Collected data entries:
● ● ● ● ●
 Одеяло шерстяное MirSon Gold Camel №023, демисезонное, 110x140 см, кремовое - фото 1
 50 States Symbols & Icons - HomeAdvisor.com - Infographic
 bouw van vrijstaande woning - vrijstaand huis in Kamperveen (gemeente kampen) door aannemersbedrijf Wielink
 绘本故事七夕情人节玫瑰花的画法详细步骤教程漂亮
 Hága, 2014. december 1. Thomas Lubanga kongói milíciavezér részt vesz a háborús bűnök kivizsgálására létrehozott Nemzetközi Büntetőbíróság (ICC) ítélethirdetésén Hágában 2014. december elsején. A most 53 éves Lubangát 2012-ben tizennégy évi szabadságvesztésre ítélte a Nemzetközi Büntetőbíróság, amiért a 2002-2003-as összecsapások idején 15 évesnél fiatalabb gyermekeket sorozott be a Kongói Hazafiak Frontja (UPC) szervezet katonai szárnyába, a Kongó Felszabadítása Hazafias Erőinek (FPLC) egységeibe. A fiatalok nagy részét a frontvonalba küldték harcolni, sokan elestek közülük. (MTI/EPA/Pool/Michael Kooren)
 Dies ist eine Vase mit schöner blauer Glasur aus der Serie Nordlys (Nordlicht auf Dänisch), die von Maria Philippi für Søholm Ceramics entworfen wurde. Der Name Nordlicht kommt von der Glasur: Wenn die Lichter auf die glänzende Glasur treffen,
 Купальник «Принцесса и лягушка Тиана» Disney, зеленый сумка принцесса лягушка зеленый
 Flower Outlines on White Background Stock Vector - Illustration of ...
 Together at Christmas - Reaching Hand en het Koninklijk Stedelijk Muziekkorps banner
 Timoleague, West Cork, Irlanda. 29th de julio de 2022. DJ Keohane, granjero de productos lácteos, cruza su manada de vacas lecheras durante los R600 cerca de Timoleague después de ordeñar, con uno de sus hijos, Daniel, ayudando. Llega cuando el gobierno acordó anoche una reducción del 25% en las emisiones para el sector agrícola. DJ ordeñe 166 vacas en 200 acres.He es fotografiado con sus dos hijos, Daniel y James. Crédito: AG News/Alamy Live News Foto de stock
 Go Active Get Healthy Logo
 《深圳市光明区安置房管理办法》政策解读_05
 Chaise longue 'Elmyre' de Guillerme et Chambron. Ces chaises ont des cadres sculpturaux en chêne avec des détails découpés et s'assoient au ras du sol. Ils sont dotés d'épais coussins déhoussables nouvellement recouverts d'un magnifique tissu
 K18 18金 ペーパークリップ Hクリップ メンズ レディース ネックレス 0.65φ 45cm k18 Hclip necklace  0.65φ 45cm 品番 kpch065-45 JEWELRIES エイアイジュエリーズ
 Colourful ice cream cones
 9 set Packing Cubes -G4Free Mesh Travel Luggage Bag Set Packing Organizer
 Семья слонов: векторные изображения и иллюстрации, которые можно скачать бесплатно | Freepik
● ● ● ● ●
Without any alteration, repeat each entry shown above.

 Одеяло шерстяное MirSon Gold Camel №023, демисезонное, 110x140 см, кремовое - фото 1
 50 States Symbols & Icons - HomeAdvisor.com - Infographic
 bouw van vrijstaande woning - vrijstaand huis in Kamperveen (gemeente kampen) door aannemersbedrijf Wielink
 绘本故事七夕情人节玫瑰花的画法详细步骤教程漂亮
 Hága, 2014. december 1. Thomas Lubanga kongói milíciavezér részt vesz a háborús bűnök kivizsgálására létrehozott Nemzetközi Büntetőbíróság (ICC) ítélethirdetésén Hágában 2014. december elsején. A most 53 éves Lubangát 2012-ben tizennégy évi szabadságvesztésre ítélte a Nemzetközi Büntetőbíróság, amiért a 2002-2003-as összecsapások idején 15 évesnél fiatalabb gyermekeket sorozott be a Kongói Hazafiak Frontja (UPC) szervezet katonai szárnyába, a Kongó Felszabadítása Hazafias Erőinek (FPLC) egységeibe. A fiatalok nagy részét a frontvonalba küldték harcolni, sokan elestek közülük. (MTI/EPA/Pool/Michael Kooren)
 Dies ist eine Vase mit schöner blauer Glasur aus der Serie Nordlys (Nordlicht auf Dänisch), die von Maria Philippi für Søholm Ceramics entworfen wurde. Der Name Nordlicht kommt von der Glasur: Wenn die Lichter auf die glänzende Glasur treffen,
 Купальник «Принцесса и лягушка Тиана» Disney, зеленый сумка принцесса лягушка зеленый
 Flower Outlines on White Background Stock Vector - Illustration of ...
 Together at Christmas - Reaching Hand en het Koninklijk Stedelijk Muziekkorps banner
 Timoleague, West Cork, Irlanda. 29th de julio de 2022. DJ Keohane, granjero de productos lácteos, cruza su manada de vacas lecheras durante los R600 cerca de Timoleague después de ordeñar, con uno de sus hijos, Daniel, ayudando. Llega cuando el gobierno acordó anoche una reducción del 25% en las emisiones para el sector agrícola. DJ ordeñe 166 vacas en 200 acres.He es fotografiado con sus dos hijos, Daniel y James. Crédito: AG News/Alamy Live News Foto de stock
 Go Active Get Healthy Logo
 《深圳市光明区安置房管理办法》政策解读_05
 Chaise longue 'Elmyre' de Guillerme et Chambron. Ces chaises ont des cadres sculpturaux en chêne avec des détails découpés et s'assoient au ras du sol. Ils sont dotés d'épais coussins déhoussables nouvellement recouverts d'un magnifique tissu
 K18 18金 ペーパークリップ Hクリップ メンズ レディース ネックレス 0.65φ 45cm k18 Hclip necklace  0.65φ 45cm 品番 kpch065-45 JEWELRIES エイアイジュエリーズ
 Colourful ice cream cones
 9 set Packing Cubes -G4Free Mesh Travel Luggage Bag Set Packing Organizer
 Семья слонов: векторные изображения и иллюстрации, которые можно скачать бесплатно | Freepik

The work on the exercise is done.